Parameter Sensitivity: Requires careful tuning of swarm parameters to balance exploration and convergence.
Premature Convergence Risk: Can collapse early if swarm diversity diminishes.
No global guarantees: No mathmatical guarantees regarding global optimality.
In FilmOptima
In FilmOptima, PSO belongs to the Global Optimization category of algorithms.
Parameters
Parameter
Description
↓ Thickness
The lower bound for candidate layer thicknesses.
↑ Thickness
The upper bound for candidate layer thicknesses.
c1
Cognitive coefficient – weight given to a particle’s own best-known position.
c2
Social coefficient – weight given to the swarm’s best-known position.
w
Inertia weight – controls the balance between exploration (high w) and exploitation (low w).
# Particles
Number of particles (candidate designs) in the swarm.
# Iterations
Number of swarm update steps (iterations) performed during the optimization.
The Stochastic Optimization method is a global optimization algorithm that explores the design space by generating random candidate solutions within specified bounds. Unlike deterministic methods such as Branch and Bound or Exhaustive Search, it relies on probability and repeated sampling to discover high-performing designs.
Each run begins by randomly assigning layer thicknesses between the defined lower and upper limits. These candidate designs are then refined using AdamW.
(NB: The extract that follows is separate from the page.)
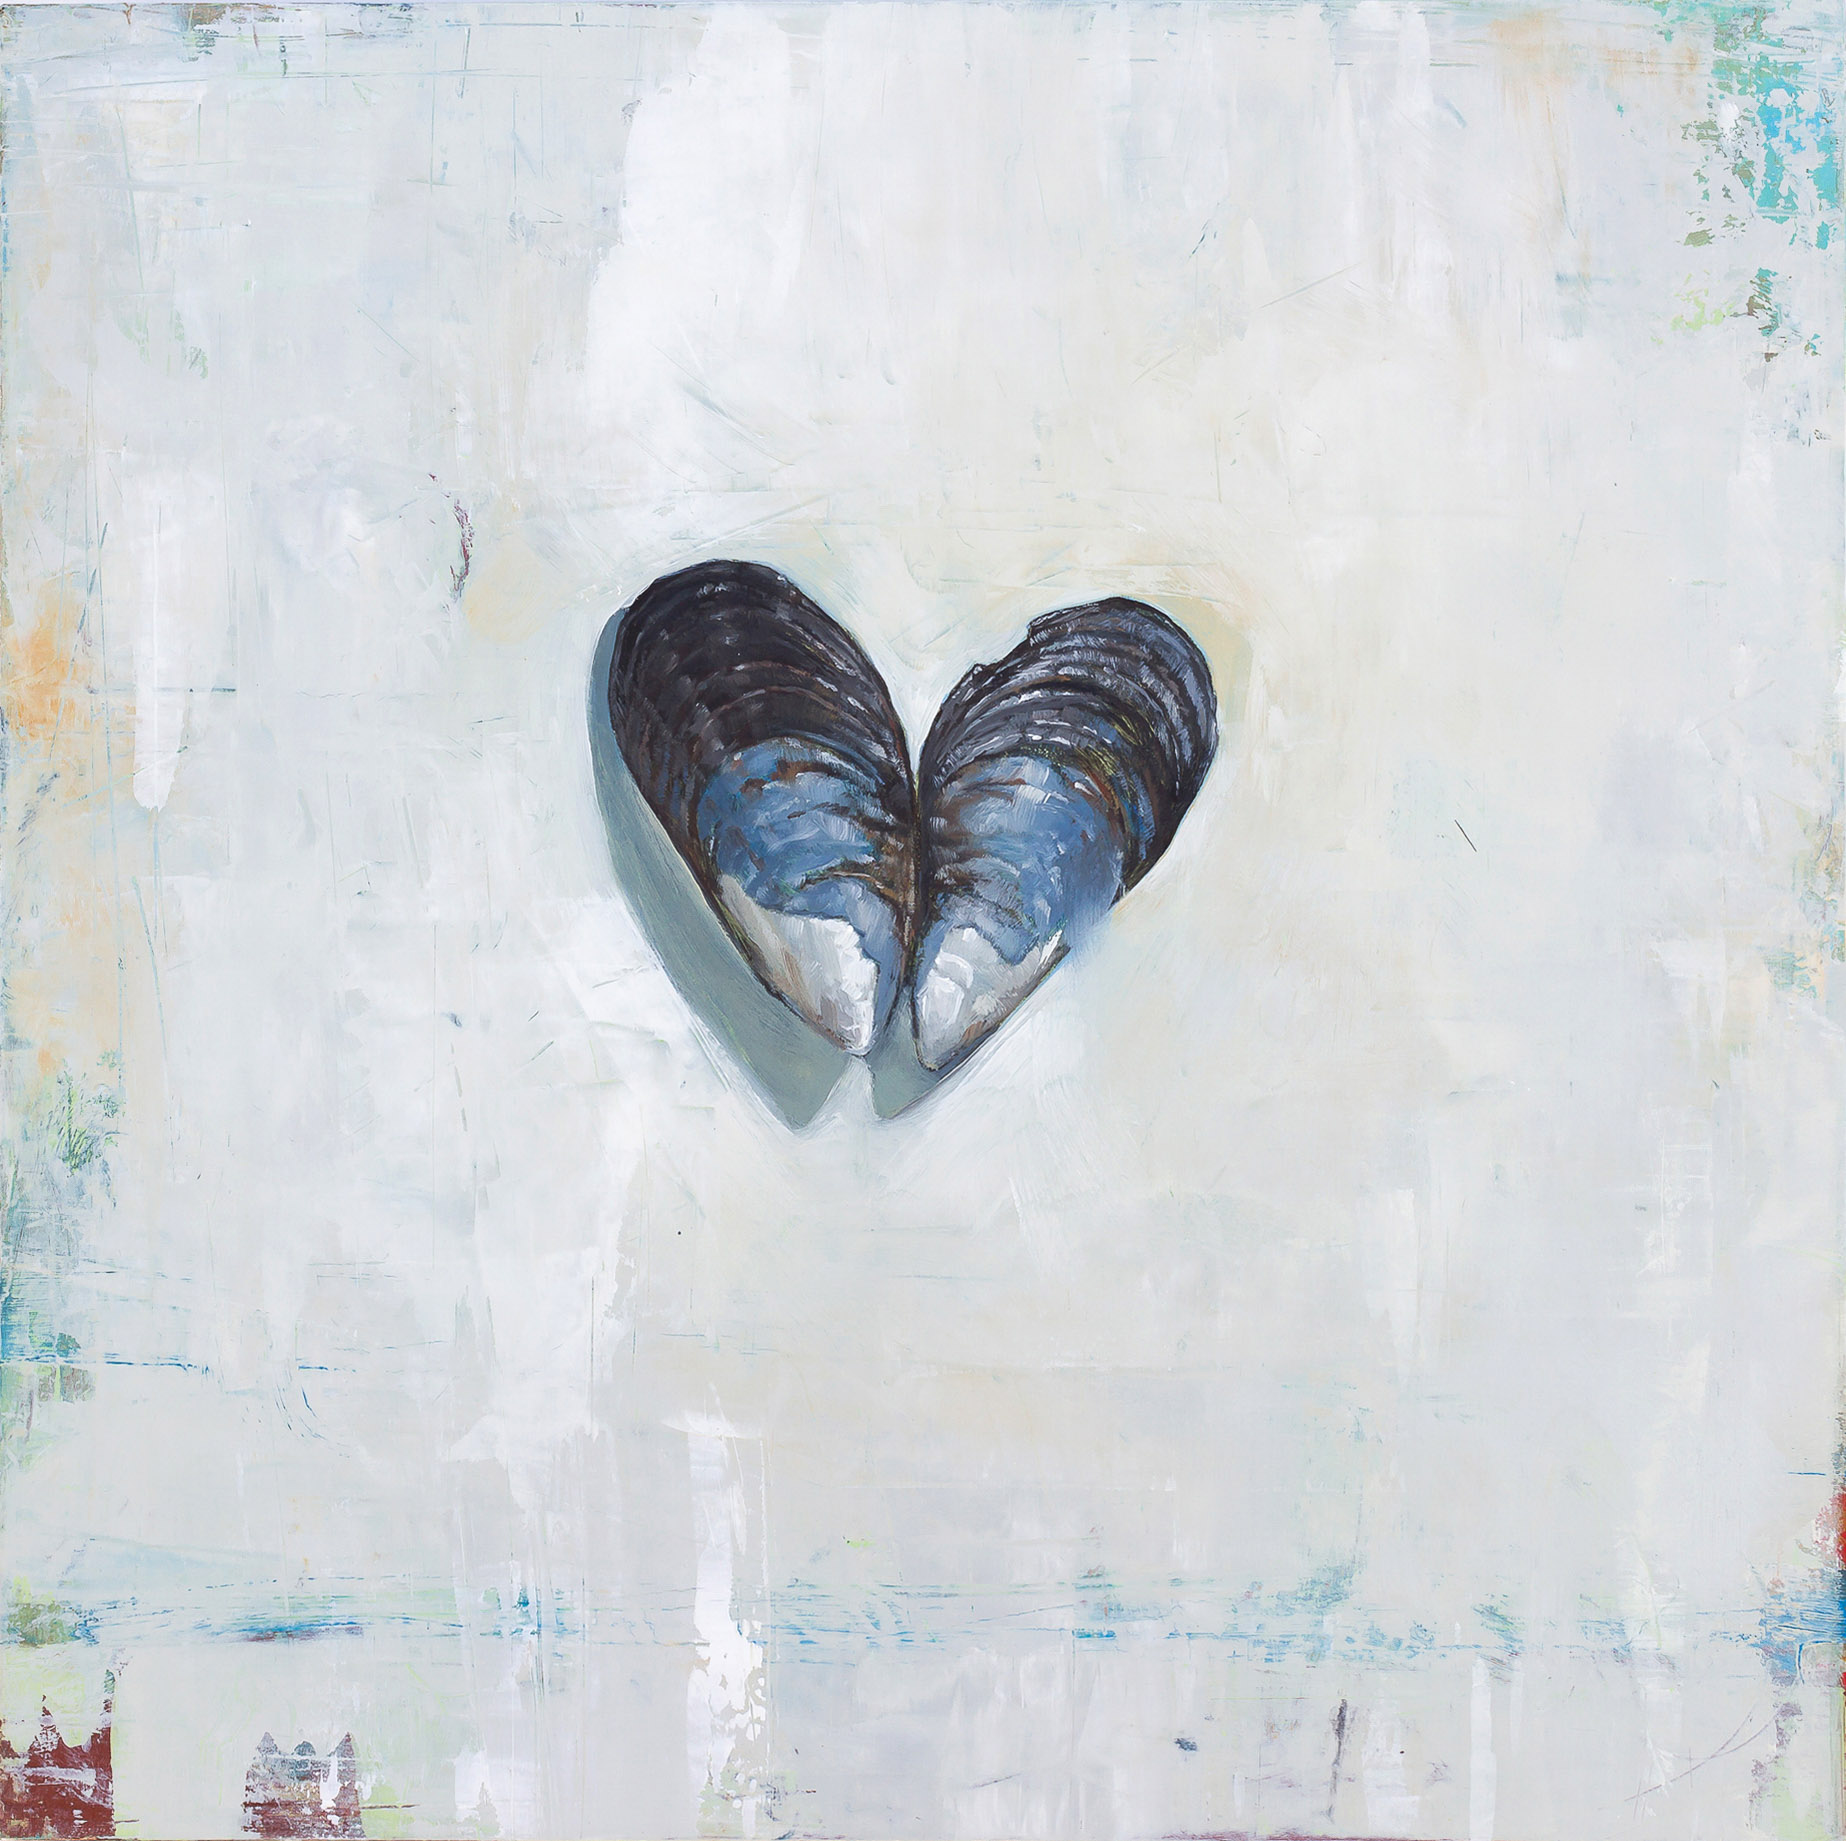   The Heart is a Mussel  2018 oil on panel 10 x 10 inches   Sold

Repeating this process across many independent runs increases the likelihood of finding a near-global optimum, even in highly complex design landscapes.
Advantages
Broad exploration: Random sampling helps escape local minima.
Simplicity: Easy to configure and extend with more runs.
Effective with refinement: Nested AdamW ensures each random candidate is optimized locally.
Scalable: More runs increase the chance of finding high-quality solutions.
Limitations
No global guarantees: Results depend on the number of runs and randomness.
Potentially high computational cost: More runs and larger stacks increase runtime.
Reproducibility: Different random seeds may lead to different outcomes.
In FilmOptima
In FilmOptima, Stochastic Optimization belongs to the Global Optimization category of algorithms.
Parameters
Parameter
Description
↓ Thickness
The lower bound for candidate layer thicknesses.
↑ Thickness
The upper bound for candidate layer thicknesses.
# Runs
Number of independent random initializations to perform. Higher values improve reliability but increase runtime.